Exhibit A: Ricoh now provide four methods of focus peaking on the GR. I have worked out that Modes 1 & 2 are similar to those on the GXR. Mode 3 & 4 are simply the same in negative. It seems obvious that the negatives are supplied first because it was easy, and secondly they might assist alternately at different ends of the light and background specifications. Now the hard part ~ setting up and using forms of focus peaking on the GR is tricky. I have worked out the method now, but it took a little time for something that is of minimal use. The focus peaking can be set up to work much the same as on the GXR including magnified screen mode when it is more useful. But it is far too complex and slow. One might wish for the ability to set it up to be invoked as commonly configured on the GXR. As it is Ricoh has tried to meld the features of magnified centre screen, full screen, mode switching, moving focus point and implementation all into one routine. Hardly elegant.
Surely this is a straight indictment of making multiple camera models - how can they get the GXR so right and the GR so wrong in this regard? The GXR system gives a consistent well thought out interface across multiple "cameras".
A side benefit of the focus peaking is that I have found that using Mode2 and a clearviewer can show auto focus and framing details in bright light well after the lcd will have given up showing the photographer very much at all.
Exhibit B: MF on the GR is not very mechanically pleasant. I wold like some feedback on the use of the front wheel. Those that have the GXR will note that the GXR front wheel actually sits protruding quite nicely from a flat top plate ledge. It does this in a manner where the flat of the index finger can roll easily and precisely over it. It works tolerably well. However the wheel on the GR protrudes seemingly in half-apology out of an angled-edge plate. The only way I can work it is to run my finger along the limited area that protrudes which is a far smaller area of the circumference of the wheel. To make it more annoying I can only use the edge of the wheel and cannot easily get my index finger on the serrated flats of the wheel.

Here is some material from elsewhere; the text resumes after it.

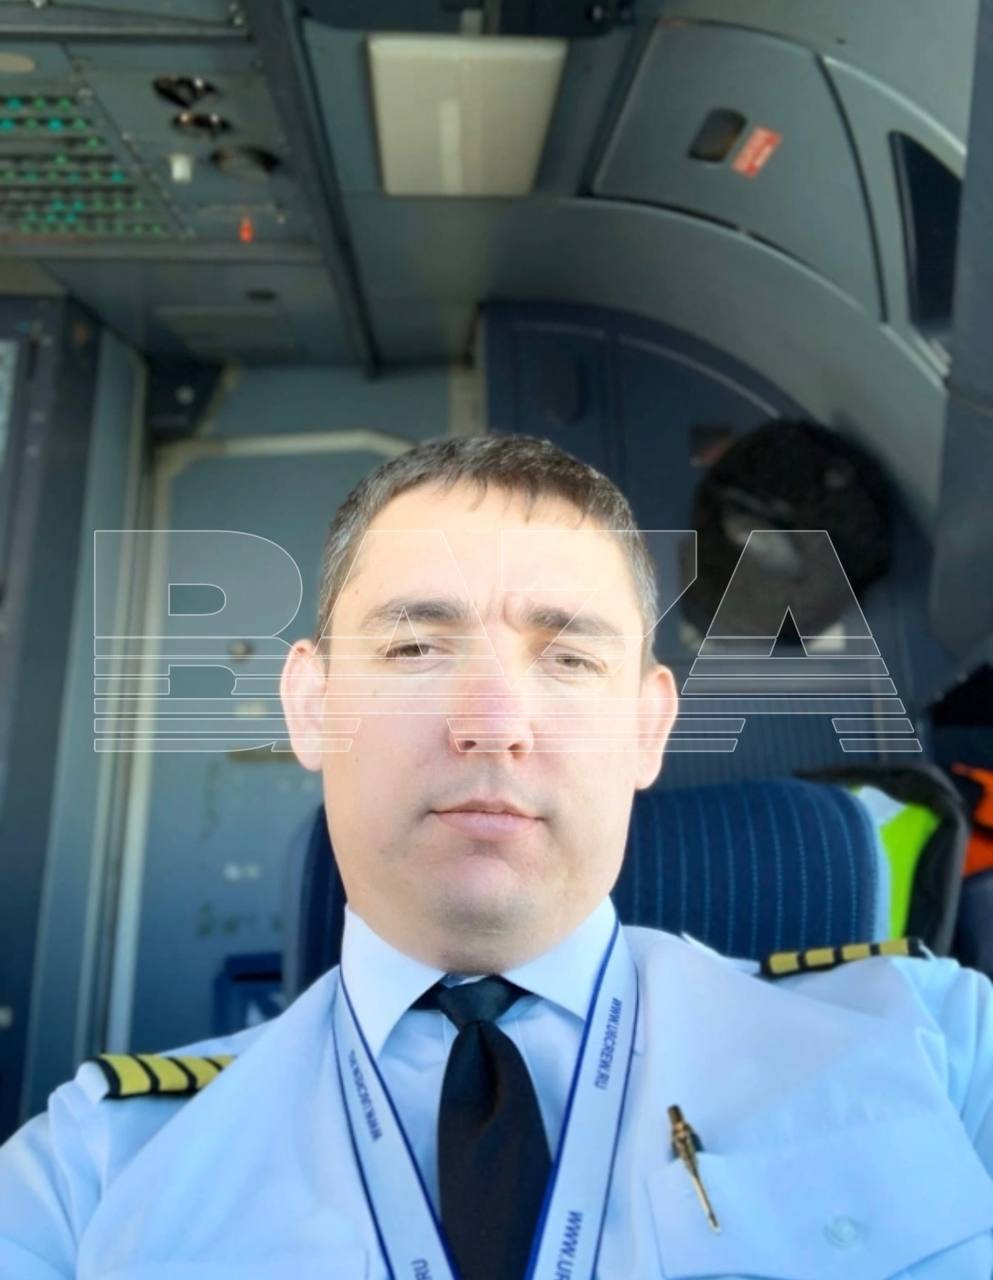 Капитан воздушного судна Сергей Белов

As far as I can see this wheel is exactly the same since the original GRD and on the GRD models they have always protruded through an angled edge and depended on index fingers running on the edge of the wheel rather than the finger-flat on the serrated edge. Also the slightly notchy action is universal and on the GXR as well.
In practice though the GXR wheel is reasonably intiuitive and accurate in use. The wheel on the GR is not user friendly at all and certainly the "unfriendliness" is made worse by the fact that on the GR it is recessed about 1.5mm deeper from the front plate that it is on the GRDIV and consequently just that little bit more finger-tippy. I don't know if my particular GR is badly assembled but the wheel sits to the rear of the cut-out slot which does not add to comfort of use.
Therefore if we have to use a small-diameter rotating front wheel to focus a lens via sight driven manual focus then at the very least it should be less ratchetty and more easy accessed.
The "pain" of using a badly organised mechanical part is not condusive to using it. I sincerely doubt that any GRD/GR user might use manual focus except at a very last resort. Few truly like self-flagellation.
Ricoh provides so many other useful means of achieving focus on the GR - getting up an accurate and intuitive, pleasant to use, MF must be their last frontier of ergonomics.